» Task data

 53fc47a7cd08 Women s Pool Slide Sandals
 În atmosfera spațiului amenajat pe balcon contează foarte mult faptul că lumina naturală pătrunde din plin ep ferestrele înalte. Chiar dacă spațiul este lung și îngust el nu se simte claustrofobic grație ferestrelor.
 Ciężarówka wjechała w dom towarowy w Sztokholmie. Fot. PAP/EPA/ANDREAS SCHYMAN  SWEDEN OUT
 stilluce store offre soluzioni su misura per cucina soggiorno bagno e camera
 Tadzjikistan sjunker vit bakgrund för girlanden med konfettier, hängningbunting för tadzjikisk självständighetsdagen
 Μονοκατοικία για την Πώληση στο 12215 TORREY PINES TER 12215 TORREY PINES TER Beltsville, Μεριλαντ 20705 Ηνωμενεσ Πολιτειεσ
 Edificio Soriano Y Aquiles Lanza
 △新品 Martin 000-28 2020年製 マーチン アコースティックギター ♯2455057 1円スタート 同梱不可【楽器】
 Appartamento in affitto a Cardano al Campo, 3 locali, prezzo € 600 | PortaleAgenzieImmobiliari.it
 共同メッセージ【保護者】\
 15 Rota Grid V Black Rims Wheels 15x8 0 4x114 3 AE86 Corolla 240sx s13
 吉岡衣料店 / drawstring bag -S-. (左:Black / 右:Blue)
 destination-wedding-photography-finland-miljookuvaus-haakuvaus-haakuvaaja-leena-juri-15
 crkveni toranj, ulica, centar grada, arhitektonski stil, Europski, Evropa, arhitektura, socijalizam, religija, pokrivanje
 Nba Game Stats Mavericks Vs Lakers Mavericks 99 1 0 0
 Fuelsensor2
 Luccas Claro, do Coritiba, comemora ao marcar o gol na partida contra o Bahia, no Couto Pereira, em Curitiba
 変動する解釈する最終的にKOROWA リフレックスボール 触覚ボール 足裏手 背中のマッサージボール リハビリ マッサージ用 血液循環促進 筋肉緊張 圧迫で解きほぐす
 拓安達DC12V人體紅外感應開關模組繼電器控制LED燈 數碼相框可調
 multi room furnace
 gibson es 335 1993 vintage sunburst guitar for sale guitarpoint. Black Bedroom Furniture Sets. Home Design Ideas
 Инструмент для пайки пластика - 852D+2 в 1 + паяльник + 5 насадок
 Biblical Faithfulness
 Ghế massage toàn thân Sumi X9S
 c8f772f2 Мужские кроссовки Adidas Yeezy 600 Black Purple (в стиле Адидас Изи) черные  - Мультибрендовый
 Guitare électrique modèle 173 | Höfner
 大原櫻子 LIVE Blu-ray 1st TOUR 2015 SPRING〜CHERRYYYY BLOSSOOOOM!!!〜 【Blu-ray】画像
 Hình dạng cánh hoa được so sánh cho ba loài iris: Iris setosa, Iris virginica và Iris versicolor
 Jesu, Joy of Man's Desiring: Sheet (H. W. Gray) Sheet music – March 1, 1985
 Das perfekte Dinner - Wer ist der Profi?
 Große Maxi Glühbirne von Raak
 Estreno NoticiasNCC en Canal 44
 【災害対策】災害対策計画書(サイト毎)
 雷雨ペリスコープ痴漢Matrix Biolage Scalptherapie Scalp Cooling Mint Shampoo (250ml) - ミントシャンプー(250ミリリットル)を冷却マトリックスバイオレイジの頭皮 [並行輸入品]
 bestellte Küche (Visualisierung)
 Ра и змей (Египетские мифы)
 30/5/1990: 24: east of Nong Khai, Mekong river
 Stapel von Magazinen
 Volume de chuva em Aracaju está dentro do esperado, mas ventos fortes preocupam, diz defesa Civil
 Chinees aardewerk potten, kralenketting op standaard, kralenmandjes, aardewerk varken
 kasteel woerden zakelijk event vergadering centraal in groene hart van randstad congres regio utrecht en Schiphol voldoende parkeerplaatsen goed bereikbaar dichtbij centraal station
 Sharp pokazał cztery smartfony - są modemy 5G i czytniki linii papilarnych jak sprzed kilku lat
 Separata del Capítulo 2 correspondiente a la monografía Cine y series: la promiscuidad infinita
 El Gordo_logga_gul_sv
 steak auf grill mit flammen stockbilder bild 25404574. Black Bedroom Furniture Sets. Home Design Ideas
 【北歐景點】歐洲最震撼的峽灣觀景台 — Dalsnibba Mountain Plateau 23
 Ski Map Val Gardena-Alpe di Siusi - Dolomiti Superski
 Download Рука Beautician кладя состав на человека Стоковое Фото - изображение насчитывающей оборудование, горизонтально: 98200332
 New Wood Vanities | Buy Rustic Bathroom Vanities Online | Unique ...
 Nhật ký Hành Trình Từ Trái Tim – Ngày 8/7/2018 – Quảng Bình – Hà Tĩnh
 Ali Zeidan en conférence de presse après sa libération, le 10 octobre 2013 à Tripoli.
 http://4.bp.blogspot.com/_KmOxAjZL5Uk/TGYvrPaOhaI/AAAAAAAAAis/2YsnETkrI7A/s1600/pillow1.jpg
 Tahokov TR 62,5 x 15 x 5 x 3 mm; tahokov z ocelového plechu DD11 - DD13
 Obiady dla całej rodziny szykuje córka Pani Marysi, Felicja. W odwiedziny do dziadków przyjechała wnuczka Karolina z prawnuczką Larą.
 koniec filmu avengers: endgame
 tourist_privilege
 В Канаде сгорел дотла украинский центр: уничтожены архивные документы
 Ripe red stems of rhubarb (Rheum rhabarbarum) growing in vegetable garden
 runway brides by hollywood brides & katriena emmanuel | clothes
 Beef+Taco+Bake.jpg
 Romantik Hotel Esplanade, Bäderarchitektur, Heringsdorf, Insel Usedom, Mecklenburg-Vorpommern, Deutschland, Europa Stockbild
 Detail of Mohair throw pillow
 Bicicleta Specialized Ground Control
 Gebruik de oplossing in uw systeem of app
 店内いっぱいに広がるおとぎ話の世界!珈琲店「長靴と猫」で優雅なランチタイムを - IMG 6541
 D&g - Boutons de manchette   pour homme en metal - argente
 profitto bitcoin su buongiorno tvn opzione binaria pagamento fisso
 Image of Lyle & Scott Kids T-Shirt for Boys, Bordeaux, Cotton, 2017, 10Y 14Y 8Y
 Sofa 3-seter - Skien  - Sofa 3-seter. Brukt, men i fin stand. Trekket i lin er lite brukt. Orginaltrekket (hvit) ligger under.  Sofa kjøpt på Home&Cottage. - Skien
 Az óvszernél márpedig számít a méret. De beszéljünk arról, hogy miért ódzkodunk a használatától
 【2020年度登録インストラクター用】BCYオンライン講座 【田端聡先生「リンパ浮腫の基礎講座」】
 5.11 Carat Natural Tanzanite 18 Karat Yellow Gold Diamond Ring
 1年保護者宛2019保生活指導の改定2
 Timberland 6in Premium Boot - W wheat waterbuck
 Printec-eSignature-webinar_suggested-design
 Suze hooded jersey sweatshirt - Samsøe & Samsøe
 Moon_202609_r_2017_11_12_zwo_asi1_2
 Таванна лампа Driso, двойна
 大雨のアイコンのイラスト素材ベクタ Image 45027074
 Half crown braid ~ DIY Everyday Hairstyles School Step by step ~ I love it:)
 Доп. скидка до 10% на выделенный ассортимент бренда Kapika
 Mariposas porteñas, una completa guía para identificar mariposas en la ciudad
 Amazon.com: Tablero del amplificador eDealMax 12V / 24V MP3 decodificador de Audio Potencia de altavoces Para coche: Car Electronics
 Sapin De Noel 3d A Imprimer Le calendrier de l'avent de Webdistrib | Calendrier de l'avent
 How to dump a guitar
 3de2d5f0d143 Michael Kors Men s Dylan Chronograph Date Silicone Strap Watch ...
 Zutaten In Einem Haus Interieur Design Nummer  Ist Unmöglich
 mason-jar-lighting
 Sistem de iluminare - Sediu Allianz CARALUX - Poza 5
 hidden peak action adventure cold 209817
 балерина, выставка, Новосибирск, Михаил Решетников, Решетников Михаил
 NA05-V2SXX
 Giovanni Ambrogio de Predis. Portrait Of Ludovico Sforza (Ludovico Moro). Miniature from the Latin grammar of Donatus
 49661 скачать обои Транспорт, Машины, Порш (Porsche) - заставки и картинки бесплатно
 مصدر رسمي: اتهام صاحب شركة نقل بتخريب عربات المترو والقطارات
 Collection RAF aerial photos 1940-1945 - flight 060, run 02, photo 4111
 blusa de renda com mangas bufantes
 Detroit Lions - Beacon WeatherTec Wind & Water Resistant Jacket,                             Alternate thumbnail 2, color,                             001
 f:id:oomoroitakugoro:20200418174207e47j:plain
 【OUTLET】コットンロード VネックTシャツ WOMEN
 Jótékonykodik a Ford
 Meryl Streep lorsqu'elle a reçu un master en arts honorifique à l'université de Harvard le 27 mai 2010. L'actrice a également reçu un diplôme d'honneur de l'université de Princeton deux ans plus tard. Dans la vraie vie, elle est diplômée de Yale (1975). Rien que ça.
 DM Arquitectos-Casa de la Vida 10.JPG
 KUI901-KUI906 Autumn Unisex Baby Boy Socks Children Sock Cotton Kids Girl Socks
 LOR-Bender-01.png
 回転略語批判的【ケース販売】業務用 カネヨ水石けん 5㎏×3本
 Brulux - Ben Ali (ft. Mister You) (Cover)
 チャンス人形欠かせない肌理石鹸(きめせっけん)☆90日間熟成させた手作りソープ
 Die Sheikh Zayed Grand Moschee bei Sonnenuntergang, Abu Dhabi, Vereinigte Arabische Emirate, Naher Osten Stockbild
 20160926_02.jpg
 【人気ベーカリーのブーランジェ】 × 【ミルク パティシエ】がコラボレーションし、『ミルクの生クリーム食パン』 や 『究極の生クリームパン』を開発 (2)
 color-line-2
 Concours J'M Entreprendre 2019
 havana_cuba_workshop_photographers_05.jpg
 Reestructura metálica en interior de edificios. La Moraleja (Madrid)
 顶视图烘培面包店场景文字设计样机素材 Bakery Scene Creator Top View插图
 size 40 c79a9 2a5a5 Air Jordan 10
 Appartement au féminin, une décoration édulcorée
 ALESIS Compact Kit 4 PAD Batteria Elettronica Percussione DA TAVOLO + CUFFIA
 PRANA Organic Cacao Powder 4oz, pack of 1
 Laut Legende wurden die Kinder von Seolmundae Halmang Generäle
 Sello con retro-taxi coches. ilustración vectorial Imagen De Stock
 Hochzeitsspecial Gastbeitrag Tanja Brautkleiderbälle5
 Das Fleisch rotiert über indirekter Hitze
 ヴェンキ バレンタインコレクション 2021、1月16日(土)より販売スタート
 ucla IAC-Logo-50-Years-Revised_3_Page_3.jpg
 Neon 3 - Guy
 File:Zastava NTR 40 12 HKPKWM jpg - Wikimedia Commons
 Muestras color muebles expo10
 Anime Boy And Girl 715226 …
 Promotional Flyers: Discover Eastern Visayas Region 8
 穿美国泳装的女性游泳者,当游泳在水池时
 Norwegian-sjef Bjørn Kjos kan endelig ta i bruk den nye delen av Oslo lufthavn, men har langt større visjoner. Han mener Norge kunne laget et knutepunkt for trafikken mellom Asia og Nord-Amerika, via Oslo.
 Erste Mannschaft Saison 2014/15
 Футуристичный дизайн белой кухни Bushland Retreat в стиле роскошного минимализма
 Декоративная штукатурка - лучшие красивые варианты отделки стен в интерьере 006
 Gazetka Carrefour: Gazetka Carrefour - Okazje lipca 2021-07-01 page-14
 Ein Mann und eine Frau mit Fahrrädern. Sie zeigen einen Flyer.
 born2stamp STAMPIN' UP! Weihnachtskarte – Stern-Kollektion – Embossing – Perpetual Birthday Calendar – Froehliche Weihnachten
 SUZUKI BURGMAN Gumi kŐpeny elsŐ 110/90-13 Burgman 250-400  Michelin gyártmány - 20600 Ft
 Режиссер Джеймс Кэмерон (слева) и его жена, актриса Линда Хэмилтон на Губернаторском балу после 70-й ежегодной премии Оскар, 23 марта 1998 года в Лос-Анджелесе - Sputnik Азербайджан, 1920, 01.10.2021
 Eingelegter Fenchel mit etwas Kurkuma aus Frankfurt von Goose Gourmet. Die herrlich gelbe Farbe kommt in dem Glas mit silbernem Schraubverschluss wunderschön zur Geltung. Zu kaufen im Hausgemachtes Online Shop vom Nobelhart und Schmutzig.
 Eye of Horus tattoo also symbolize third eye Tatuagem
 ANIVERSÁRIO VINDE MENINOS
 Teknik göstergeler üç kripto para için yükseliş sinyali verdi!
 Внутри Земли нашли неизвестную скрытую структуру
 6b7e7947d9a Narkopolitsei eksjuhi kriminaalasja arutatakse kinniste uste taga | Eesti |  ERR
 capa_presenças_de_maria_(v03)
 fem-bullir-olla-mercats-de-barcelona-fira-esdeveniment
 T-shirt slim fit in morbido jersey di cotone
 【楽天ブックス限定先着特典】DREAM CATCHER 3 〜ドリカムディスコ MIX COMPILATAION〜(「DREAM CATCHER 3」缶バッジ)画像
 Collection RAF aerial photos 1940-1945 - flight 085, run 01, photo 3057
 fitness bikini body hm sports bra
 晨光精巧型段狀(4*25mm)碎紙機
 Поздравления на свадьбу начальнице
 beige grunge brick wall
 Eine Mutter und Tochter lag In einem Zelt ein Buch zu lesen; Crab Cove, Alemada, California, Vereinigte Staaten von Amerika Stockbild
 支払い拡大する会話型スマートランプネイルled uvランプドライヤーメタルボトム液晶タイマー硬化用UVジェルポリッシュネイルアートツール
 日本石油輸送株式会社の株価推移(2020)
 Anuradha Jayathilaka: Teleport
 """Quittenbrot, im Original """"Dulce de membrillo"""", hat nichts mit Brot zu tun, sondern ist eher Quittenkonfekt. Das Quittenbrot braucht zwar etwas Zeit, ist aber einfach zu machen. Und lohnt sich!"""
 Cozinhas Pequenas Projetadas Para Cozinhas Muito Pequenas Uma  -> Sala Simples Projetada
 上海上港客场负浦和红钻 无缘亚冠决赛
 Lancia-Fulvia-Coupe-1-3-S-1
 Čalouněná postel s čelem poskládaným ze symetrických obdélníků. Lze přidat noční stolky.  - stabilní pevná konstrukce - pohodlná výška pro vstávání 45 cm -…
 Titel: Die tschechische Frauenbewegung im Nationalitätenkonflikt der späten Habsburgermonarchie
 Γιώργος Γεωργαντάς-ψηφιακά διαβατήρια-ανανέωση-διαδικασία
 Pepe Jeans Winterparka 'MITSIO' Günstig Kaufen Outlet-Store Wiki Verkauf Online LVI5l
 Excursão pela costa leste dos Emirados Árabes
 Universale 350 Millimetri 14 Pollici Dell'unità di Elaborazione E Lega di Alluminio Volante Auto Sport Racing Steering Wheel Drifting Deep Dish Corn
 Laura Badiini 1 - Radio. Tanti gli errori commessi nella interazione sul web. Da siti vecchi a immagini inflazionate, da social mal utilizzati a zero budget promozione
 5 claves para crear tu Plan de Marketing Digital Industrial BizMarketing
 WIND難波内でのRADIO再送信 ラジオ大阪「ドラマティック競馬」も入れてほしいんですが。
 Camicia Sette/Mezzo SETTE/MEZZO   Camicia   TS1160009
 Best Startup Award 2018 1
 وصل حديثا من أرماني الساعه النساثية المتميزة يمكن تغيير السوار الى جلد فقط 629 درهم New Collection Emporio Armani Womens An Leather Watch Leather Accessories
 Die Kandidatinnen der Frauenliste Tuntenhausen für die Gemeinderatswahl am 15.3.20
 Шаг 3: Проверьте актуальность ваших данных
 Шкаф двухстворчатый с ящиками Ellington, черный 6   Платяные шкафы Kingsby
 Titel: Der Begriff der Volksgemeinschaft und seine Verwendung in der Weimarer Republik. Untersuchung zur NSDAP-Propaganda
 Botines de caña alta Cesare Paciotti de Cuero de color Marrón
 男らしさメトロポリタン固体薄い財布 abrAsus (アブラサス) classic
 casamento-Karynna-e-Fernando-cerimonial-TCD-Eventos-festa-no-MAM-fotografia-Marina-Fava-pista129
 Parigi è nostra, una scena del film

» Your objective
Scan the records above for the lines holding "Čalouněná postel s" and "Laura Badiini 1". Transcribe those two and every line between them word for word, and no others.

» Result
 Čalouněná postel s čelem poskládaným ze symetrických obdélníků. Lze přidat noční stolky.  - stabilní pevná konstrukce - pohodlná výška pro vstávání 45 cm -…
 Titel: Die tschechische Frauenbewegung im Nationalitätenkonflikt der späten Habsburgermonarchie
 Γιώργος Γεωργαντάς-ψηφιακά διαβατήρια-ανανέωση-διαδικασία
 Pepe Jeans Winterparka 'MITSIO' Günstig Kaufen Outlet-Store Wiki Verkauf Online LVI5l
 Excursão pela costa leste dos Emirados Árabes
 Universale 350 Millimetri 14 Pollici Dell'unità di Elaborazione E Lega di Alluminio Volante Auto Sport Racing Steering Wheel Drifting Deep Dish Corn
 Laura Badiini 1 - Radio. Tanti gli errori commessi nella interazione sul web. Da siti vecchi a immagini inflazionate, da social mal utilizzati a zero budget promozione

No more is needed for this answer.